● **Exercise**
Reproduce exactly only the lines from the line that holds "BRIEFS PER-FIT MED 96/CS" to the line that holds "Wildlife Photos Web Design", inclusive, in the listing below, and please leave out every picture.

● **Working data**

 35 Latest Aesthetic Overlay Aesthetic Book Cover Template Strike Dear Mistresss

==

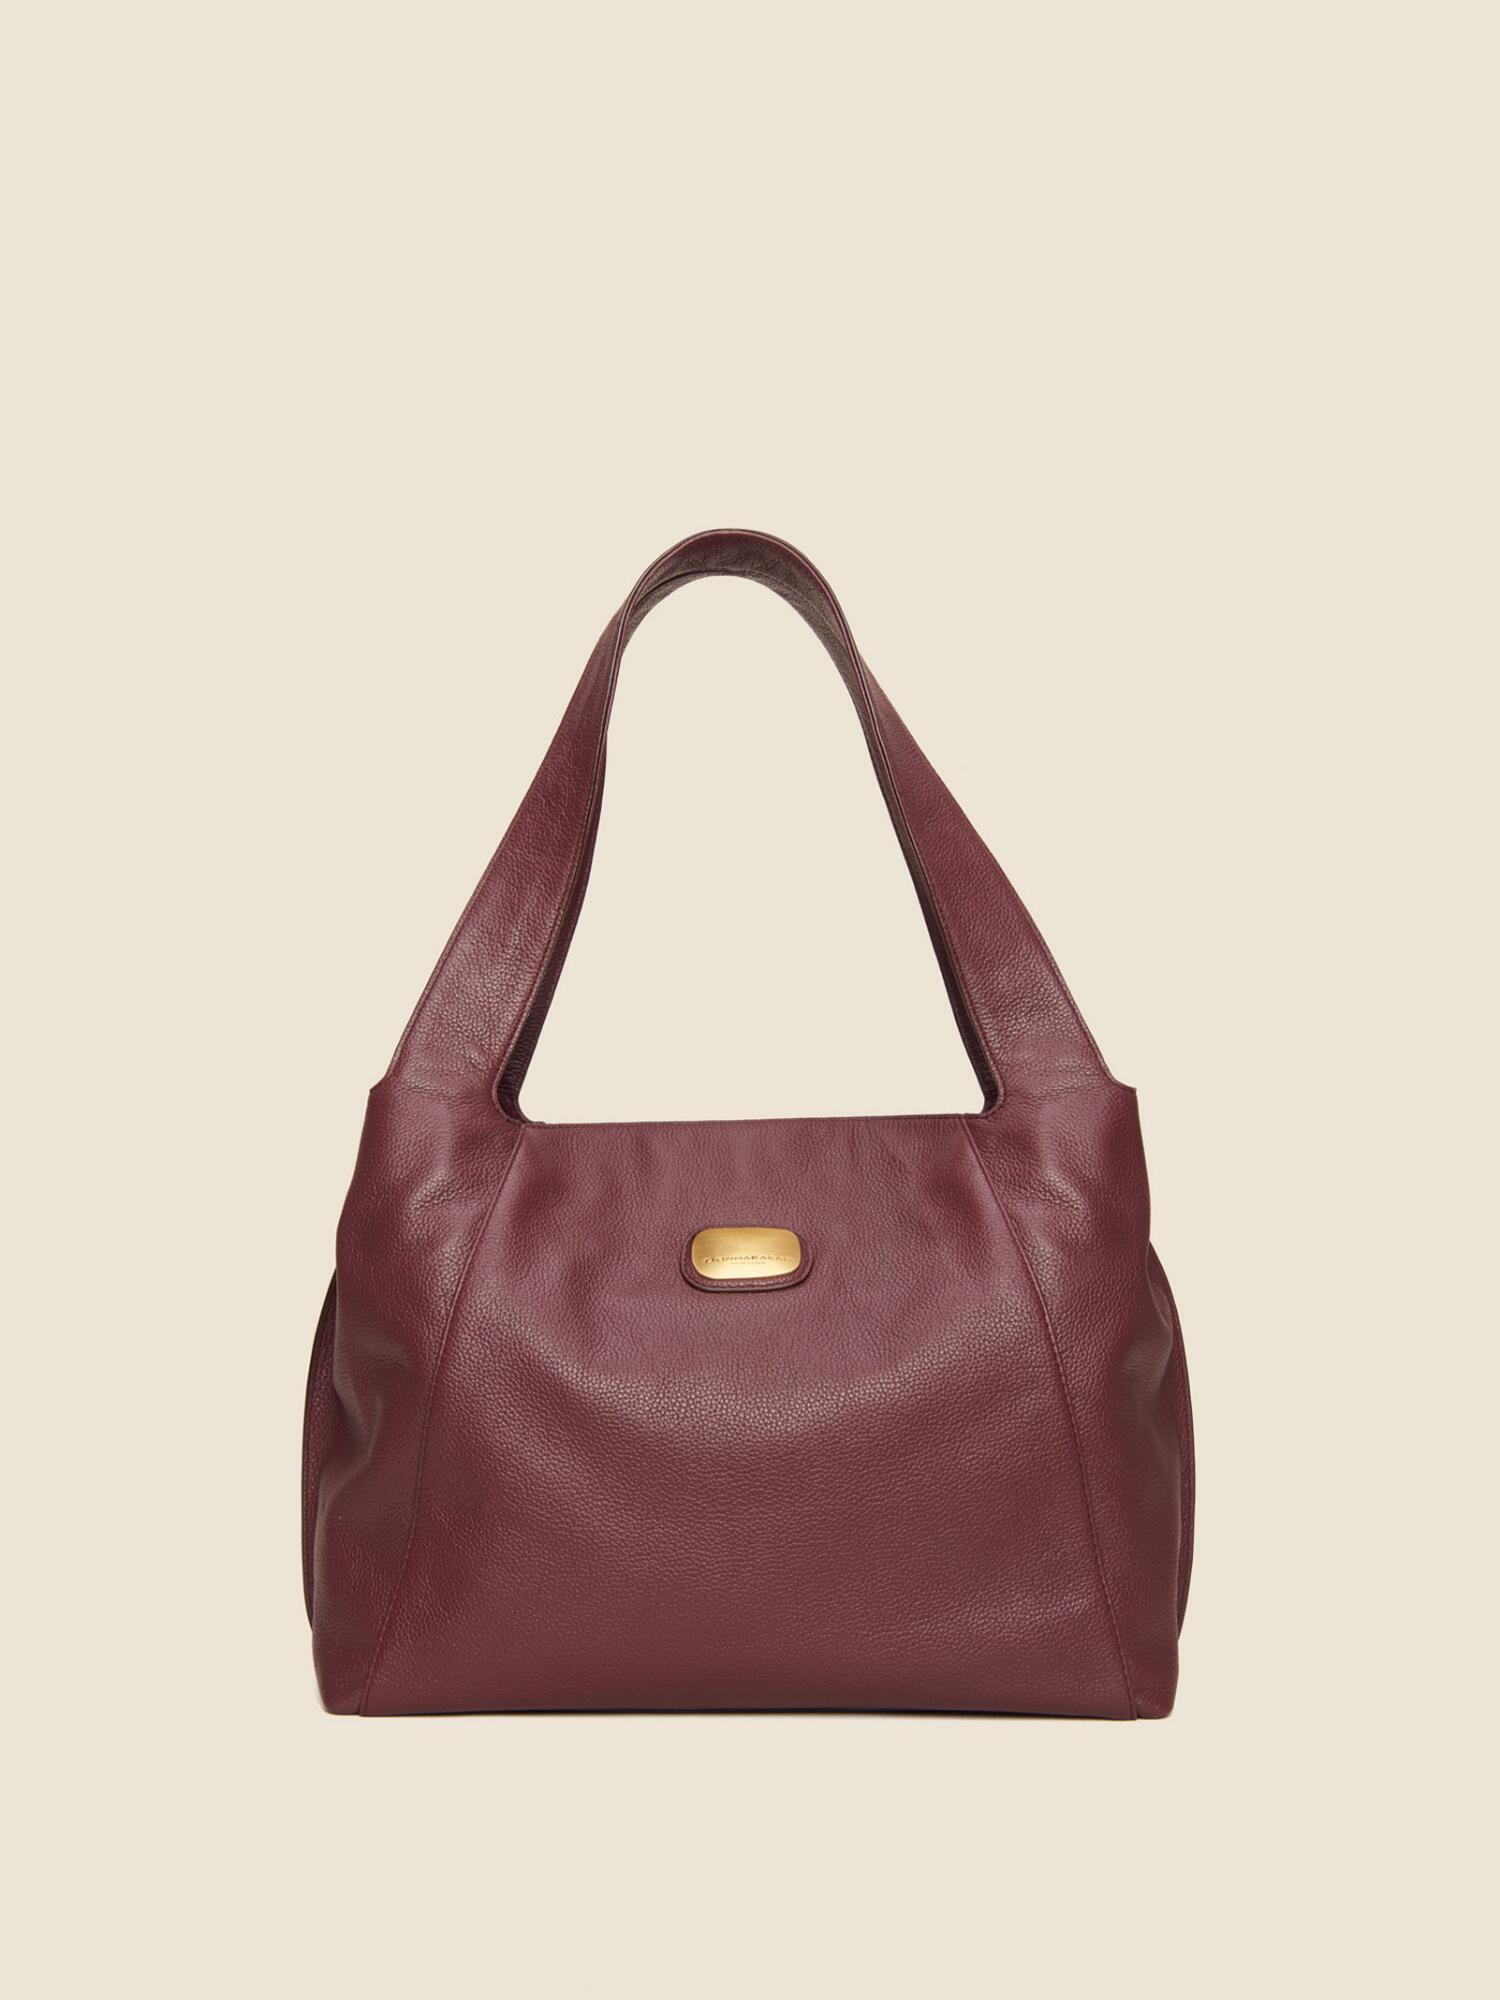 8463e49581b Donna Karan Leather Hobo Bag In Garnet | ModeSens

--

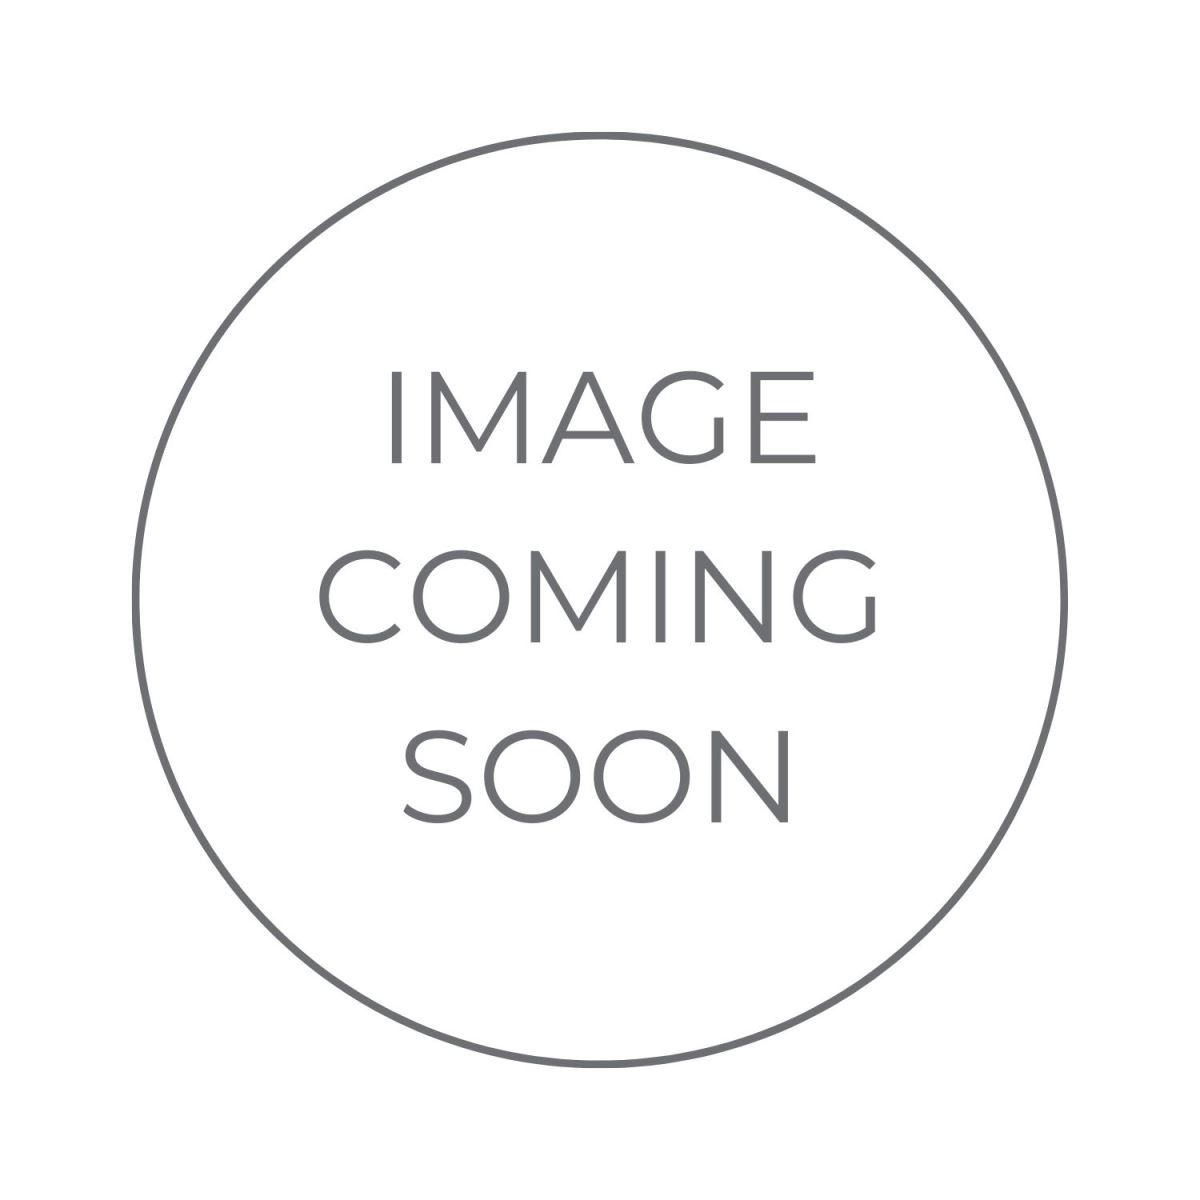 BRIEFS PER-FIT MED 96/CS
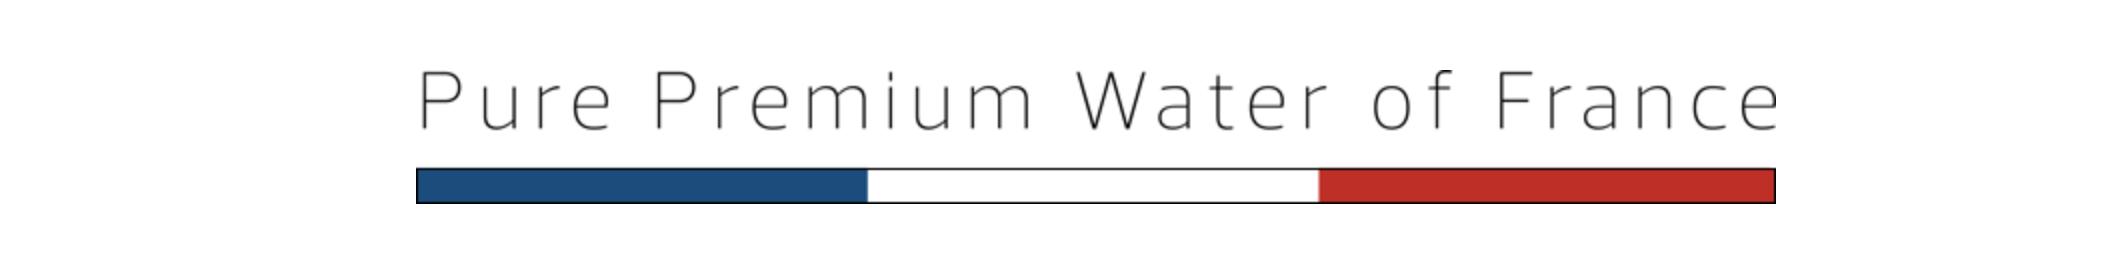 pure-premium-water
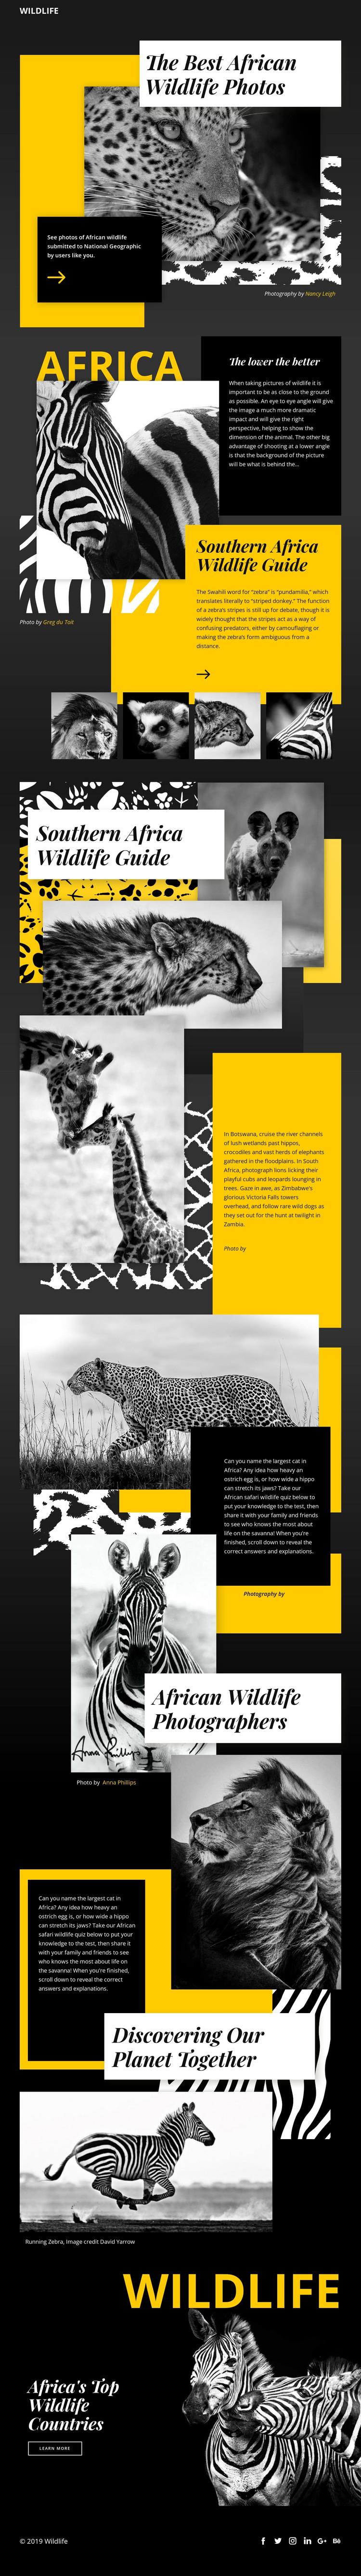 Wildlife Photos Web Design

● **Response**
 BRIEFS PER-FIT MED 96/CS
 pure-premium-water
 Wildlife Photos Web Design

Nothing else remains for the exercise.